• [INFORMATION SHOWN]:
○ ○ ○ ○ ○
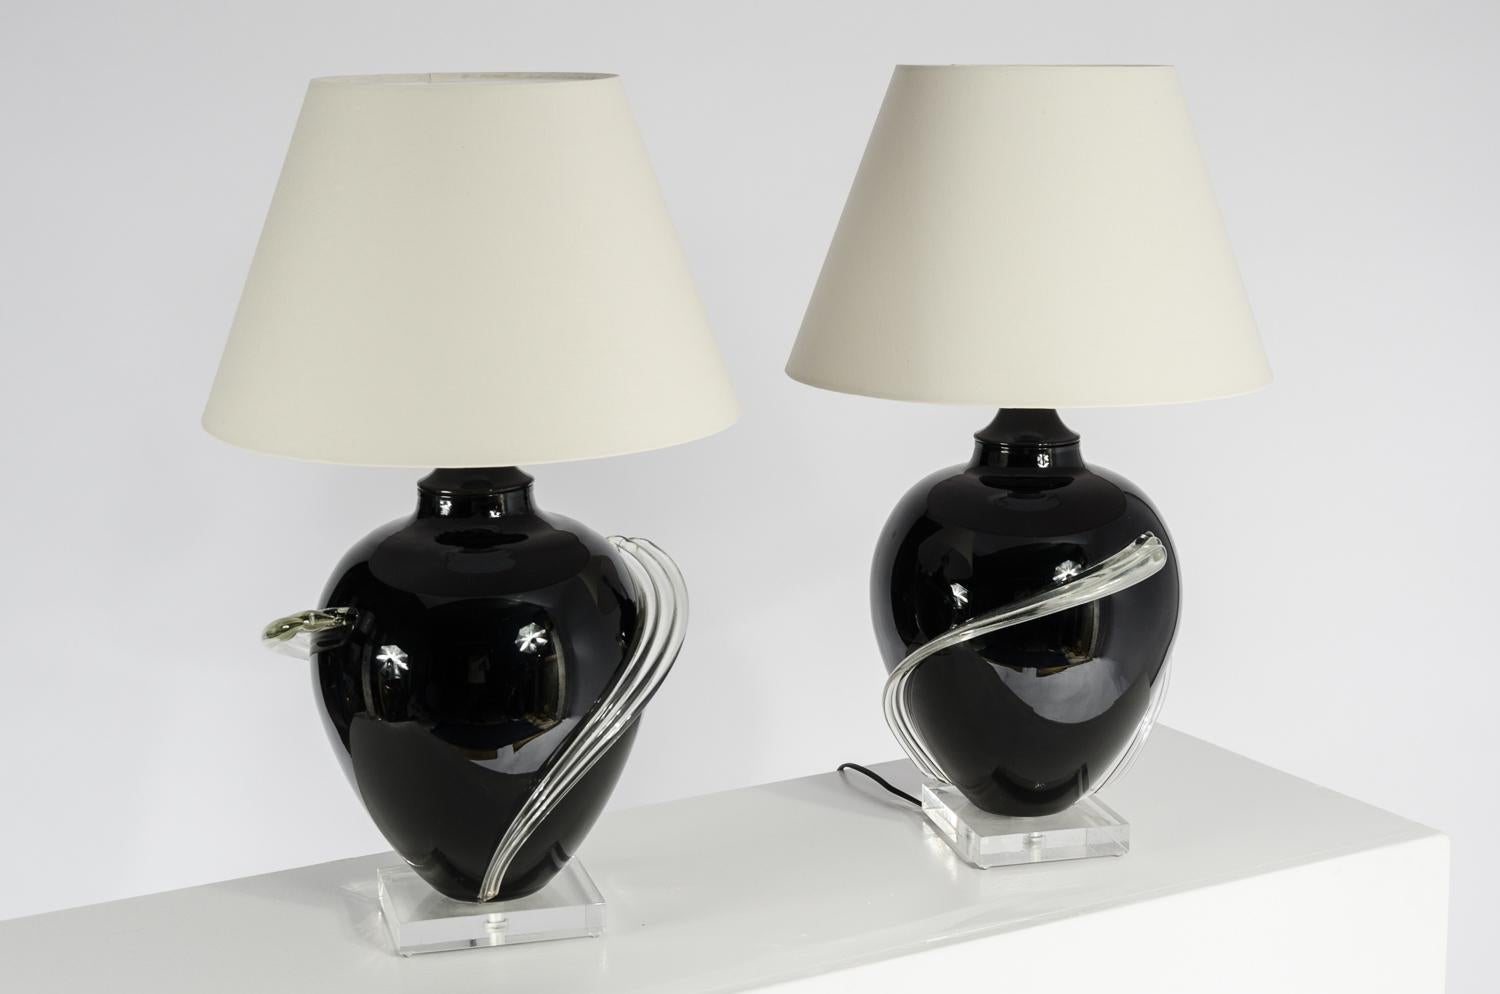 Pair of Murano glass and lucite Table Lamps, circa 1980s. New rewired. The lamps are sold without the shades.
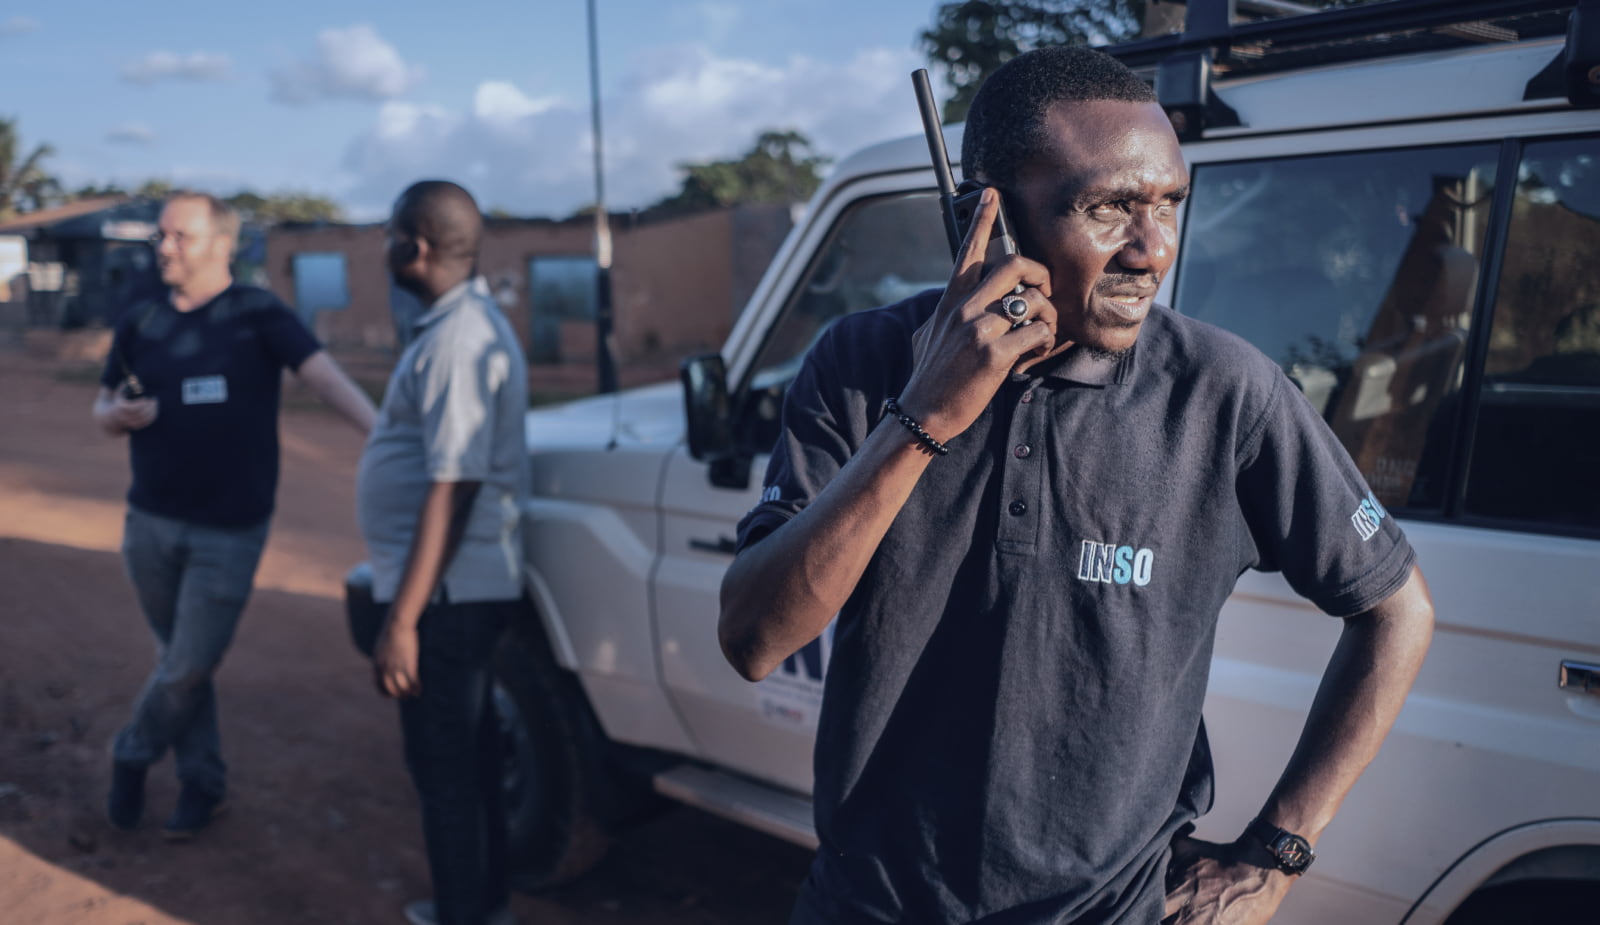 An INSO staff member uses a walkie talkie in Bangui, CAR. Credit: C. Di Roma/INSO﻿
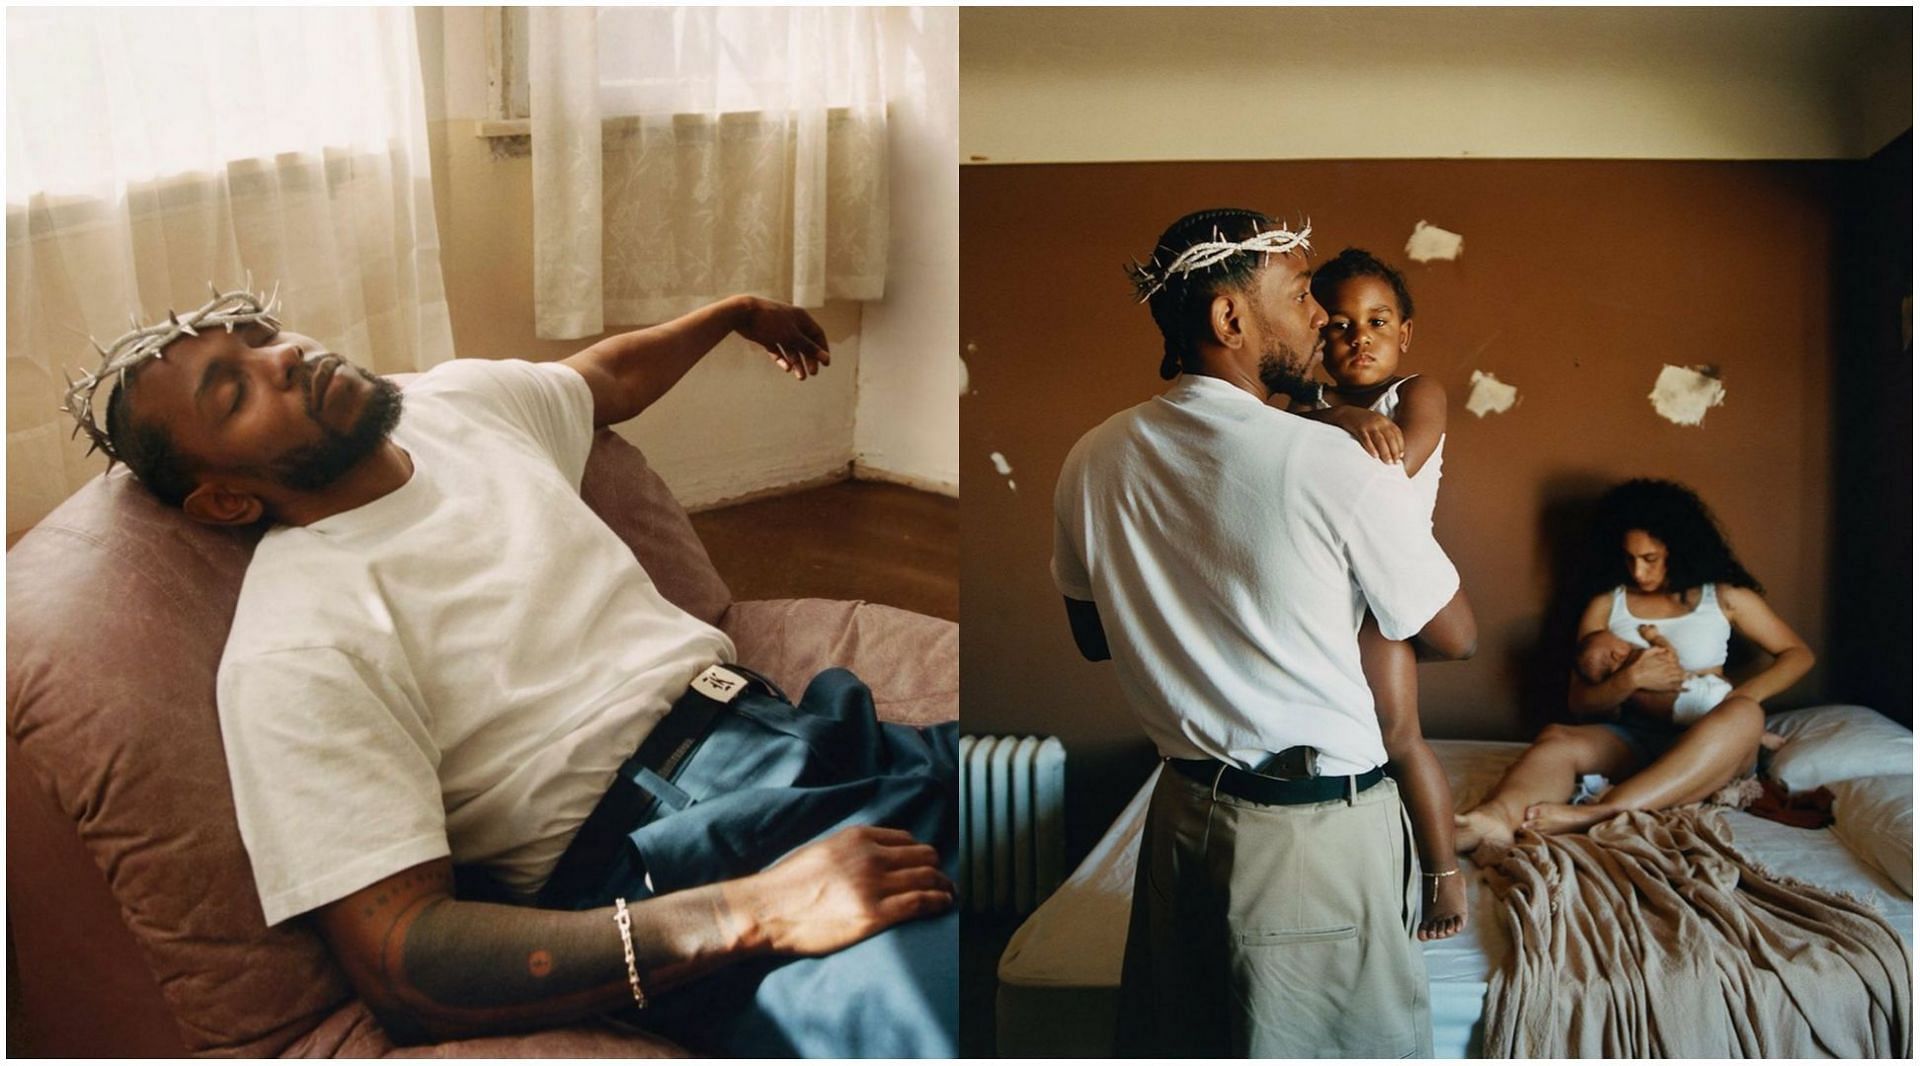 Mr. Morale &amp; The Big Steppers: Album Cover and Photoshoot (Images via Instagram/@kendricklamar)
○ ○ ○ ○ ○
Your task is to set down each line above verbatim while excluding the pictures.

• [RESULT OF THE EXERCISE]:
 Pair of Murano glass and lucite Table Lamps, circa 1980s. New rewired. The lamps are sold without the shades.
 An INSO staff member uses a walkie talkie in Bangui, CAR. Credit: C. Di Roma/INSO﻿
 Mr. Morale &amp; The Big Steppers: Album Cover and Photoshoot (Images via Instagram/@kendricklamar)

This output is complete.